MERGERS & ACQUISITIONS

Pwani Oil ventures into stationery market with Kartasi acquisition

The Competition Authority of Kenya has approved the deal.

In Summary

•CAK directed that the target’s permanent employees be retained for a period of 12  months, from the completion date of the transaction, as one of the conditions.

•Kartasi Industries Limited was established in 1972 and over the years, its has grown to a full-scale manufacturing unit for stationery products in Kenya and beyond.

Kartasi Industries products/KARTASI
Kartasi Industries products/KARTASI

The Competition Authority of Kenya has approved the acquisition of the business and assets of Kartasi Industries Limited by Kartasi Products Limited (Kartasi Products).

Kartasi Products, the acquiring undertaking is newly incorporated in Kenya, for the sole purpose of the proposed transaction, the competition watchdog said yesterday.
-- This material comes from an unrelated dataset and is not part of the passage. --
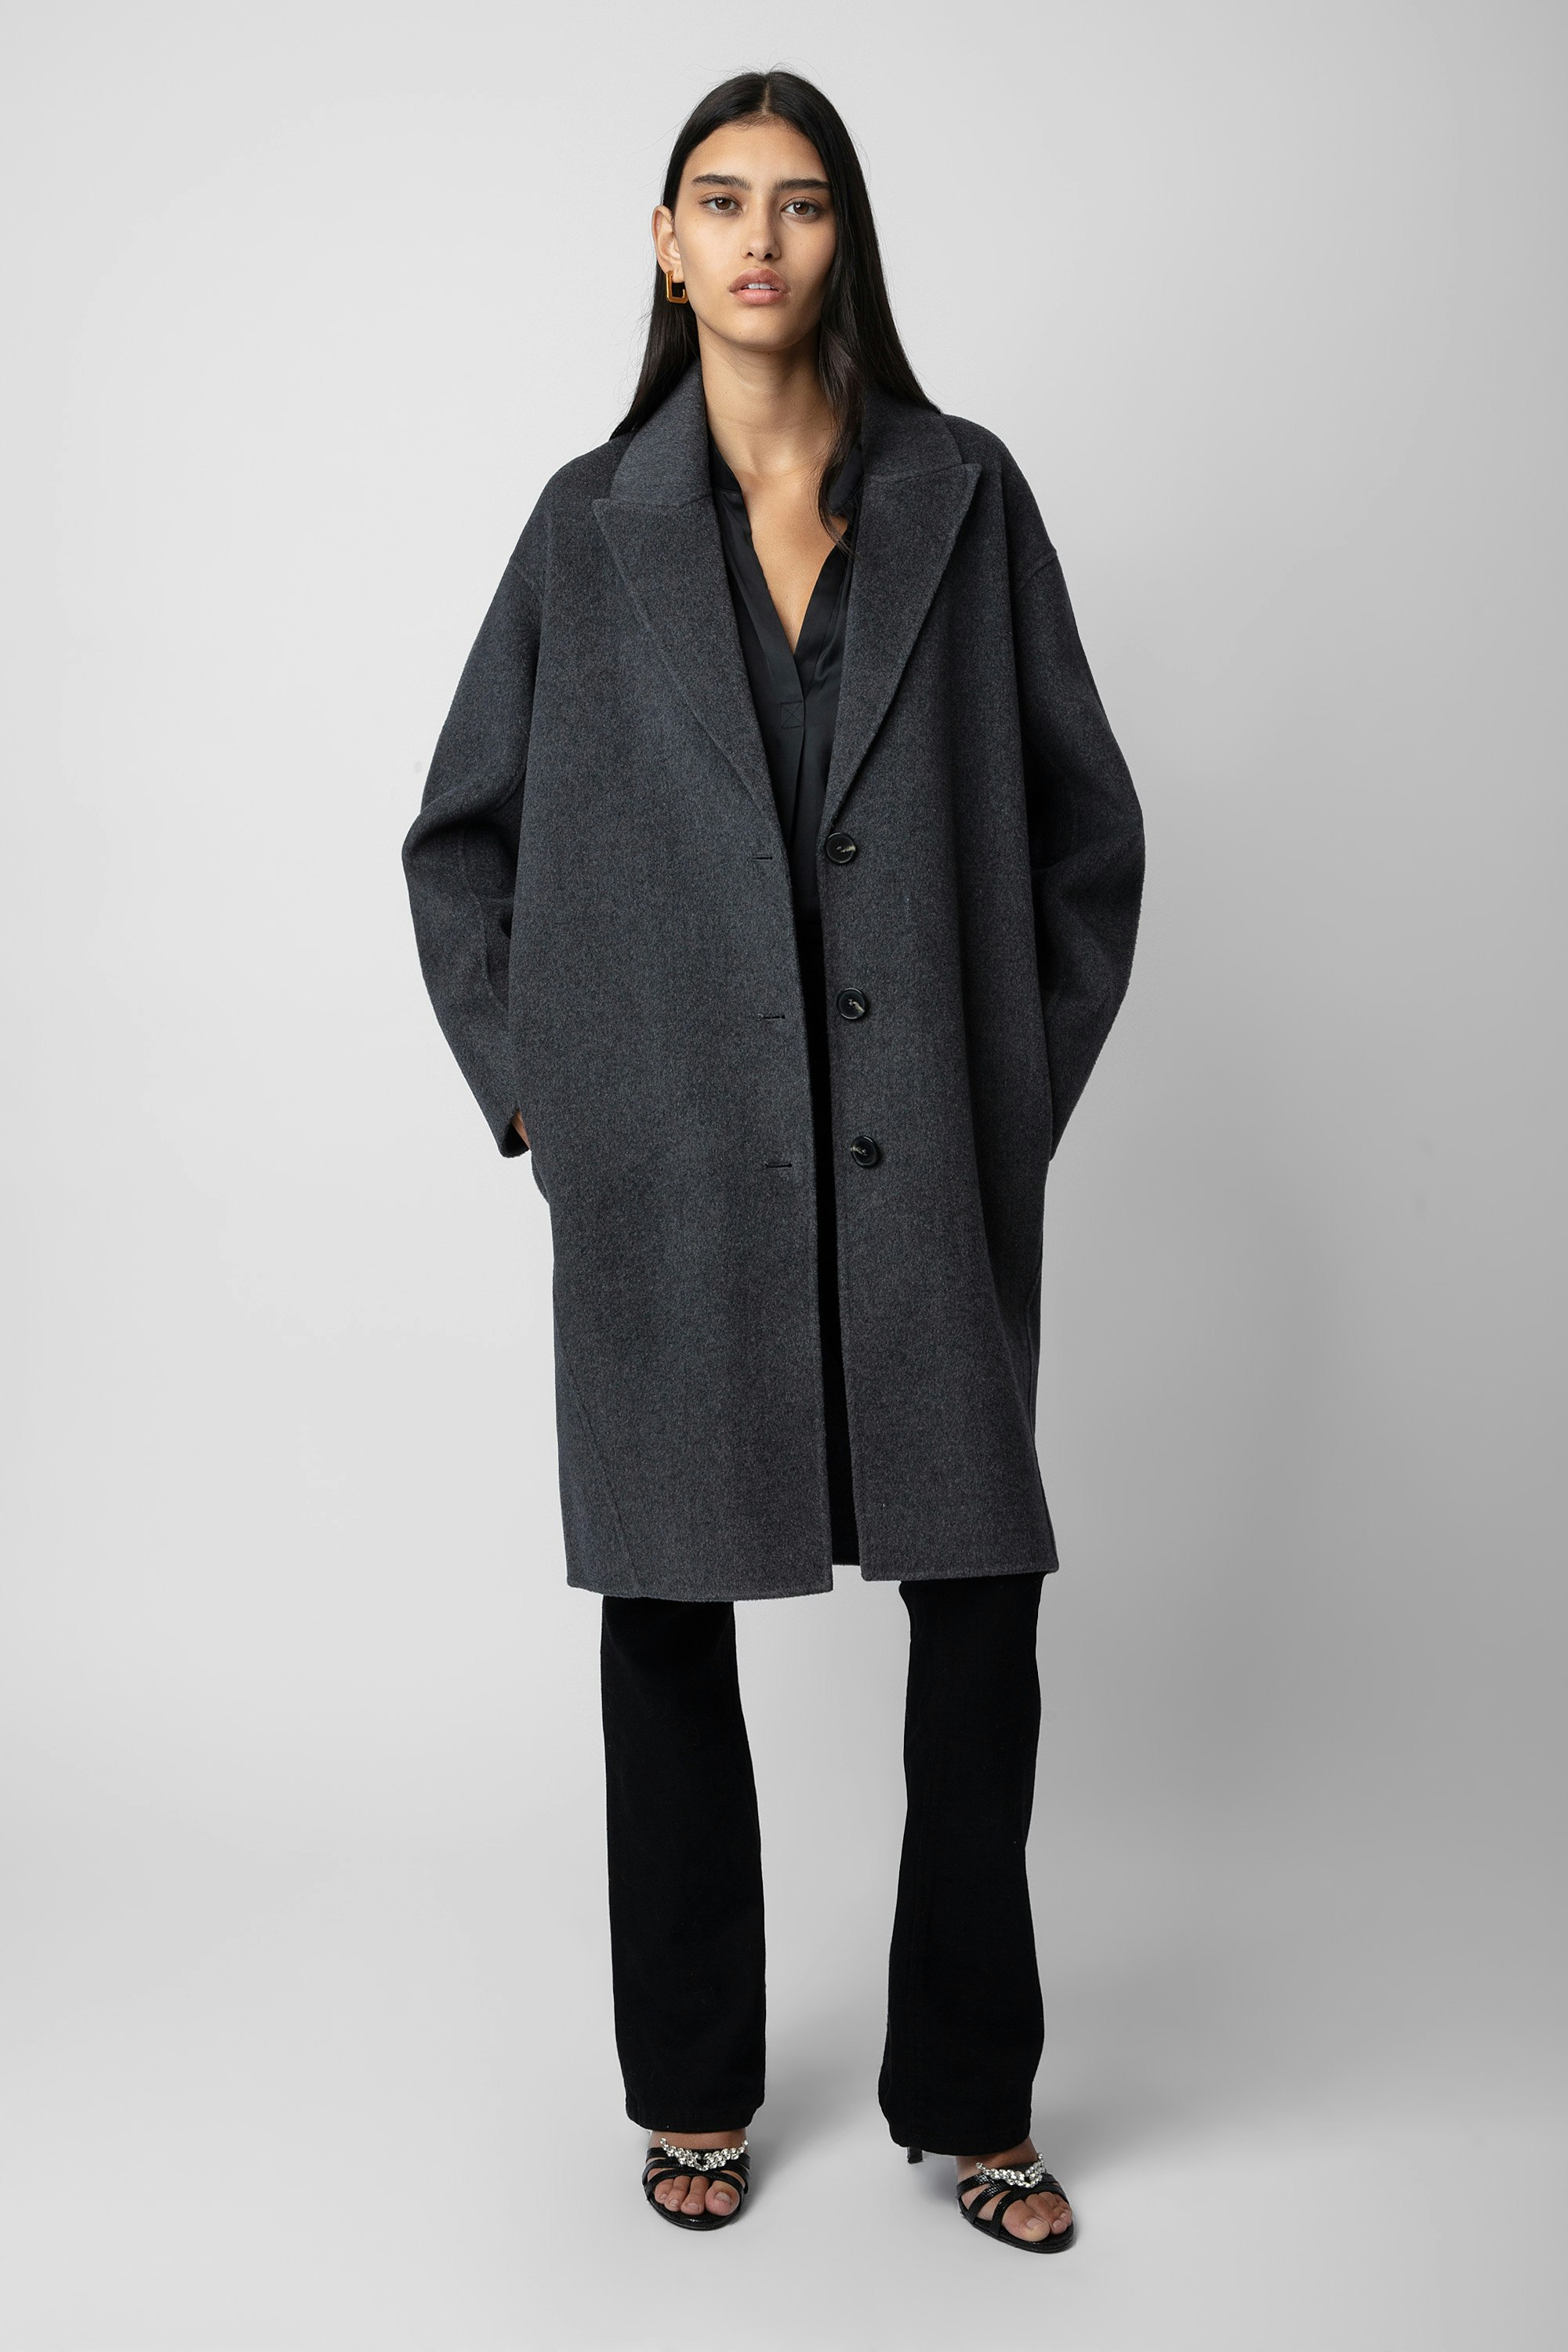 Mady Coat - Women's long anthracite wool coat with buttons and embellished with a wing motif on the back.

The firm is affiliated to Pwani Oil Products Limited, makers of popular household cooking oils-Freshfri, Salit, and Fry Mate, according to lawyers familiar with the transaction.

The firm has also been involved in property brokerage, production and distribution of consumer goods like pineapple juice, food coloring and sugar syrups.

In a statement on Wednesday, CAK directed that the target’s permanent employees be retained for a period of 12, twelve (12) months, from the completion date of the transaction, as one of the conditions.

Kartasi Industries Limited (Kartasi Industries) was established in 1972 and over the years, its has grown to a full-scale manufacturing unit for stationery products in Kenya and beyond.

It is has been manufacturing stationery products like exercise books, notebooks, counter books, accounting books, diaries, spring files, box files, tapes, labels, pens and markers.

It brands include Kartasi, Afri, Njema and HIT.

The parties’ combined and relevant turnover for the preceding year was over Sh1 billion.

“The transaction, therefore, met the threshold for mandatory notification and full merger analysis as provided in the Competition (General) Rules, 2019,” CAK said.

Further, it notes that the merging parties’ activities do not overlap and the target’s products are distributed to entities across the country and, therefore, the relevant geographical market is national.

The educational and commercial stationery market in Kenya has over 400 manufacturers and suppliers.

Main players and their approximate market shares in the industry includes Twiga Stationers and Printers Ltd (38.8%), Kenafric Manufacturing Limited (20.9%), Kartasi Industries Limited (9.7%) and Economic Industries Limited (9.6%).

Guaca Stationers Limited has a 6.5 per cent share, Elite Offset Ltd (5.7%), Safari Stationers (K) Ltd (4.3%), National Printing Press Ltd (0.5%), and others (4.4%).

Post-merger, there will be no change in the market structure and concentration since parties’ activities do not overlap, CAK said.

“ Therefore, the proposed transaction is not likely to lead to a substantial lessening of competition in the relevant market or raise any competition concerns,” it noted.

During merger analysis, the Authority also considers the impact that a proposed transaction will have on public interest.

The public interest concerns considerations include theextent to which a proposed merger would impact employment, impact on competitiveness of SMEs, impact on particular sectors and impact on the ability of national industries to compete in international markets.

The acquirer has agreed to retain all the 69 permanent employees for at least one year from the completion date of the transaction.